Scrounging for Answers in Afghanistan

Scrounging for Answers in Afghanistan

Here's hoping the classified version of the Afghanistan strategy review has more meat on the bone than the bland public assessment.

As expected, the declassified strategic review of policy toward Afghanistan and Pakistan released by President Barack Obama on December 16 for public consumption is extremely cautious and bland. One can only hope that the classified version has more meat on the bone, if the United States is to deal with the highly complex, rapidly changing situation in Afghanistan and the surrounding region.

The five-page report cites some progress in relation to al-Qaeda, Pakistan and Afghanistan but states that “the challenge remains to make our gains durable and sustainable.” It says the U.S. military surge this year has halted Taliban inroads in the south of the country, while the United States continues to successfully kill Pakistan-based operatives of al-Qaeda, which has been degraded to its lowest level since 2001. However, it warns that gains against the Taliban remain “reversable.”

The review also says that the strategy “is setting the conditions” to withdraw a small number of U.S. troops in July 2011, but it does not specify how many of the hundred thousand American soldiers in the country would actually leave or from which locations. The enormous confusion created by Obama in his West Point speech in December 2009, when Afghans and regional powers assumed that the Americans would start leaving Afghanistan by 2011, has been avoided in the review by talking up the new date of 2014 when a full transition to Afghan forces will be completed—something that was agreed upon at the recent NATO summit in Lisbon. Moreover, the review states unequivocally that the United States will remain committed to Afghanistan and the region well beyond that date.

The review resists any public criticism of Pakistan for continuing to host Taliban and al-Qaeda sanctuaries or President Hamid Karzai, whose government has been prone to incompetence and corruption. However, two classified intelligence reports given to the president just before Thanksgiving in November, called National Intelligence Estimates (NIE), cited Pakistan’s hosting of sanctuaries as a serious obstacle to U.S. objectives. The NIEs were first reported on by the Associated Press.

Tensions with Pakistan have been ongoing. In the week preceeding the review, separate visits to Islamabad by U.S. commander in Afghanistan General David Petraeus, Chairman of the Joint Chiefs Admiral Mike Mullen and senior CIA officials made it plain to the Pakistan government that Washington was getting impatient with the lack of Pakistani military action in the tribal areas where al-Qaeda and Taliban leaders are partly based.

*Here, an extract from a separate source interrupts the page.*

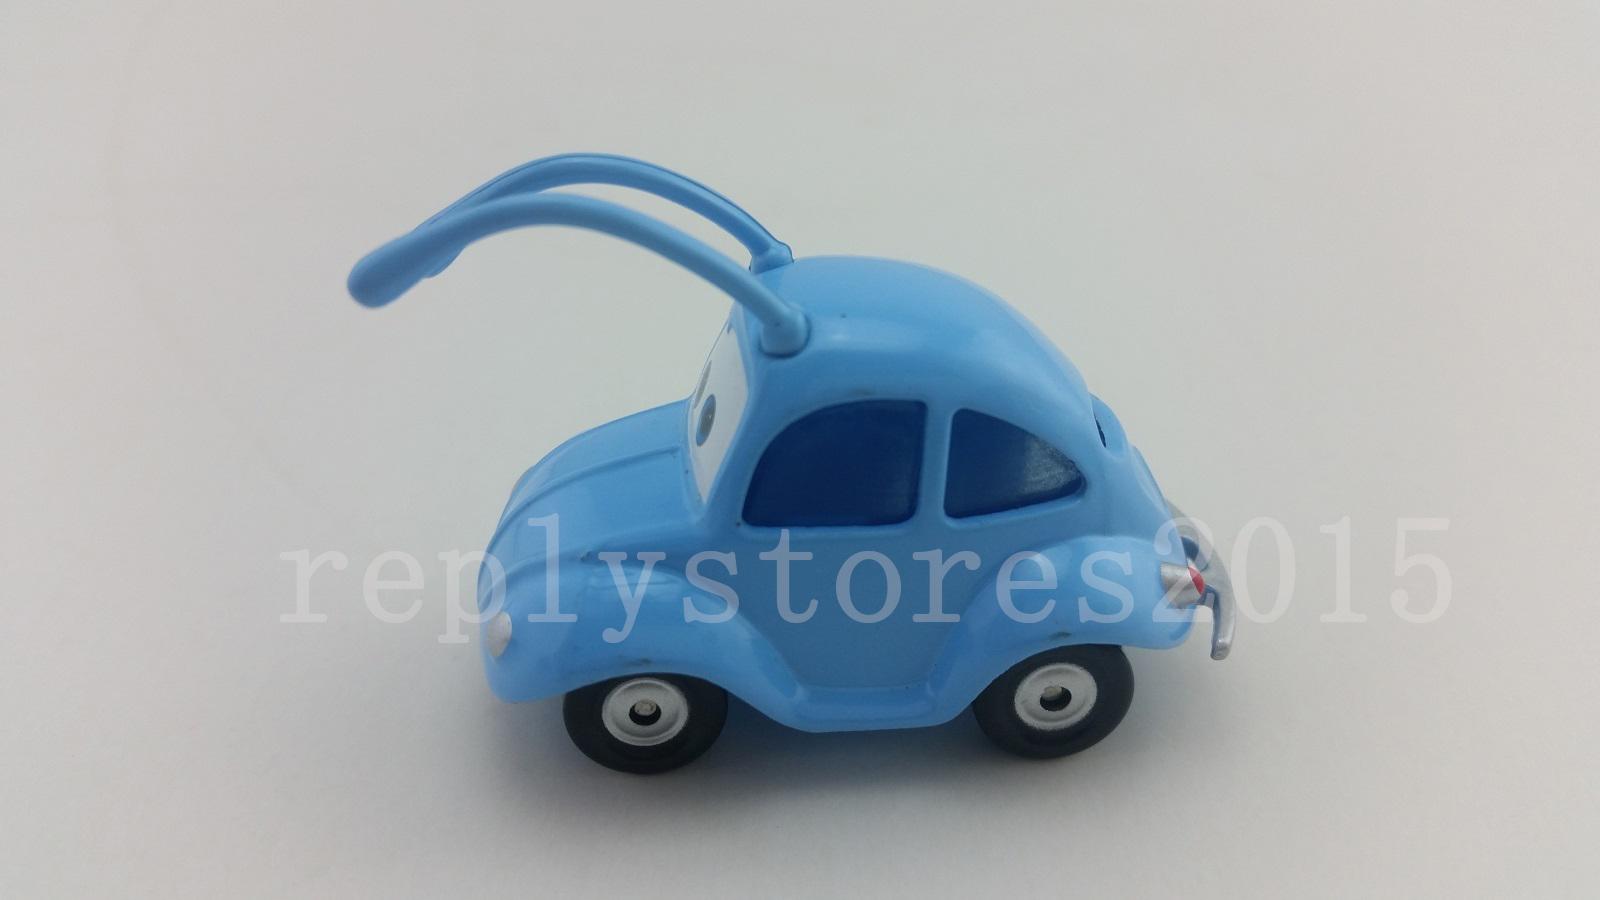 New Toy Cars : Mattel disney pixar cars p t flea metal diecast toy car

U.S. press reports said that the NIE on Afghanistan questioned the effectiveness, until now, of the U.S. military surge in southern Afghanistan and the ability of the Karzai government to carry through a full transition. However, the review states that there have been major advances in the drive against the Taliban.

The assessment is short on details and still leaves unanswered how by 2014 the United States will be able to so improve the situation in Afghanistan that the transition to Afghan authority can take place and allow Western forces to leave. It also leaves unanswered as to what strategy America will pursue toward Pakistan in the months ahead if Pakistan is unwilling or unable to pursue al-Qaeda and the Taliban on its soil. The singular lack of a strategy for Pakistan and instead ad hoc tactical moves by both the Bush and the Obama administrations continue to impact U.S. policy in Afghanistan.

There is no mention of the policies of reintegration of Taliban foot soldiers being pursued by the Afghan government with U.S. support and funding, and not a whisper about talks with the Taliban—something that President Karzai, several European members of NATO with troops in Afghanistan and regional countries such as Pakistan are desperately keen to pursue. The Taliban have sent repeated signals that they want to talk to the Americans rather than Karzai. The Karzai government has held on-again, off-again talks about talks with some Taliban elements since 2008, but they have not yet moved into the sphere of negotiations.

It was tragic that the Richard Holbrooke, the point man on Afghanistan and Pakistan for the U.S. government, died so suddenly just a few days before the review was released. Holbrooke believed strongly in a political settlement even though he was constrained in public to say so due to opposition from within the administration, the U.S. military and what is now a U.S. Congress dominated by Republicans.

The U.S. military continues to believe in its military surge and wants it extended into next year so that the Taliban can be decisively degraded and fragmented, which, the military believes, would then force them to the conference table. Holbrooke and his team may well have been able to lead the United States toward a political settlement in Afghanistan that would have allowed a faster withdrawal of U.S. forces and greater stability in Afghanistan and the region. It is still unclear who will replace Holbrooke.